When I talk about the use of the Factory pattern as a way to use dependency injection to give your classes access to DML methods that can then be easily mocked, my intent is to show one possible way to utilize this methodology. As a good friend of mine likes to say:

The best line of code is the one never written. - Manhar Trivedi

So … don’t make sweeping changes if you don’t have to. Empower yourself through an education in what’s possible to decide how to best make positive changes in your/your team’s development. Reducing testing time (thus speeding iteration) is one possible means to that end. (I ended up reusing Manhar’s quote in Naming Matters In Apex as it’s just too good to be used in only one place.)

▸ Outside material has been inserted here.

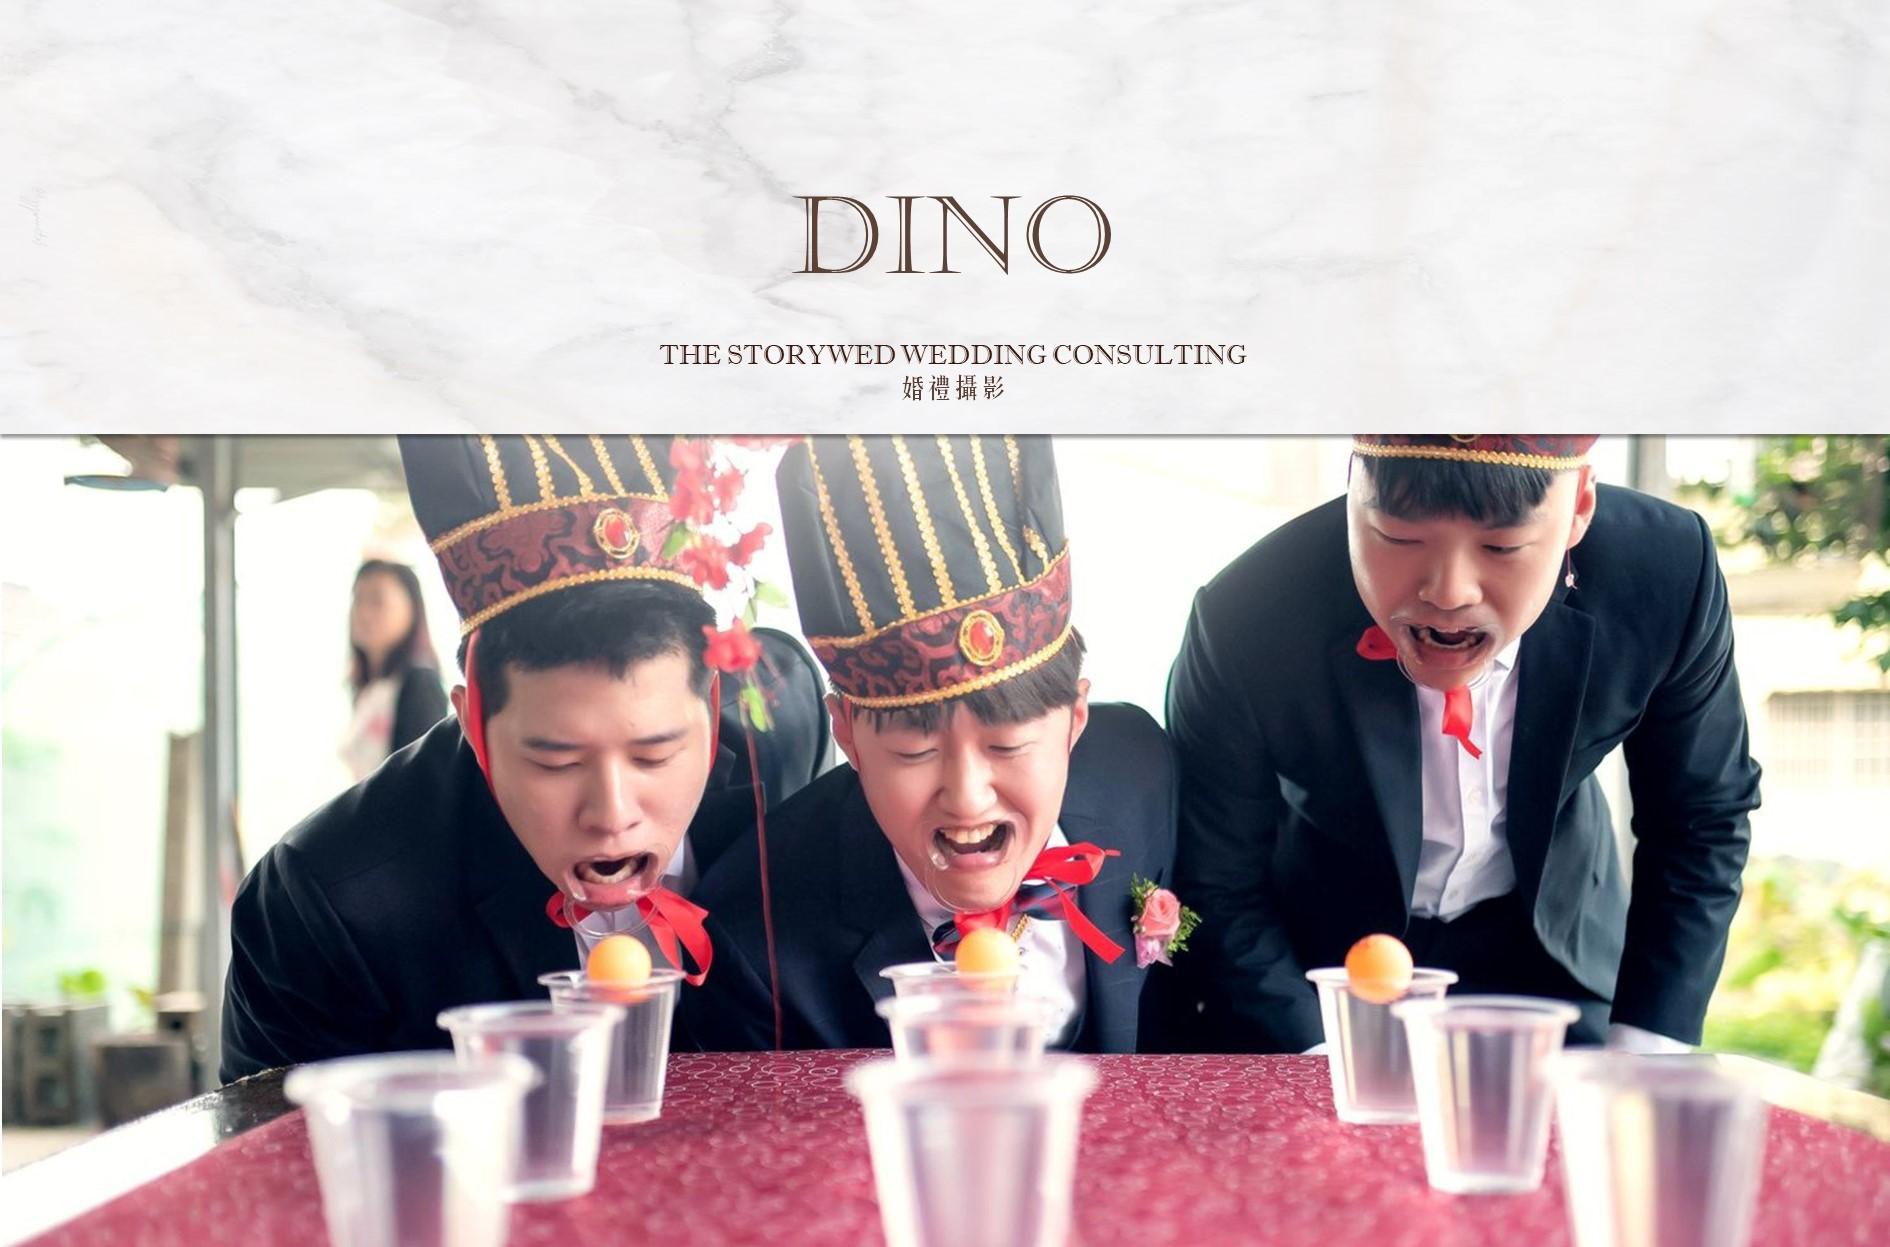 〖婚禮攝影〗DINO
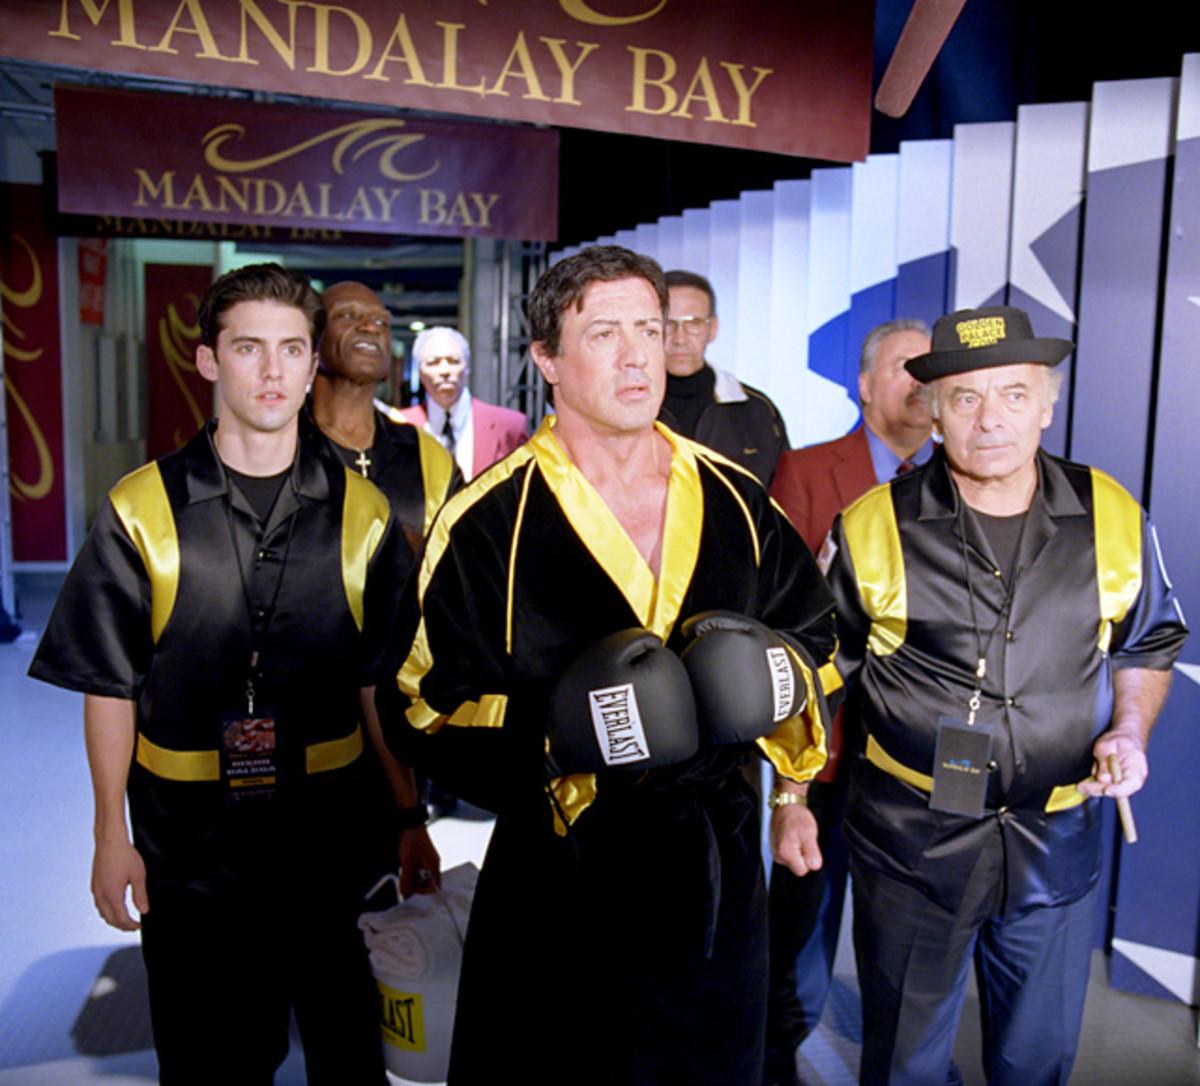 Robert Balboa, Rocky Balboa and Paulie Pennino

Stress Testing The DML Implementation

With that being said, I thought that beyond the language this reader in question chose to employ, their underlying assertion was an interesting one, and something that should be tested. To refresh your memory, I’ll post just the relevant snippets in the DML.cls:

// these days, on a greenfield project,
// I'd really call this class DML
public virtual class DML implements IDML {
  @TestVisible private static Integer MAX_DML_CHUNKING = 10;
  // ....
  public virtual List<SObject> doInsert(List<SObject> records) {
    this.sortToPreventChunkingErrors(records);
    Database.insert(records);
    return records;
  }
  // etc, sortToPreventChunkingErrors is called
  // in update/upsert as well

  private void sortToPreventChunkingErrors(List<SObject> records) {
    // prevents a chunking error that can occur if
    // SObject types are in the list out of order.
    // no need to sort if the list size is below the limit
    if(records.size() >= MAX_DML_CHUNKING) {
        records.sort();
    }
  }
}

But is the production usage of DML actually causing O(n log n) (linearithmic) to O(2^n) (quadratic) slowness? This seems like something that we can test fairly easily. Of course, to test “in production” (mais c’est en fait “in situ”, non?), we have access to the wonderful world of Anonymous Apex. Let’s build something that allows us to test the reader’s assertion, getting a baseline performance indication from what happens when calling Database.insert in order to compare against the DML implementation.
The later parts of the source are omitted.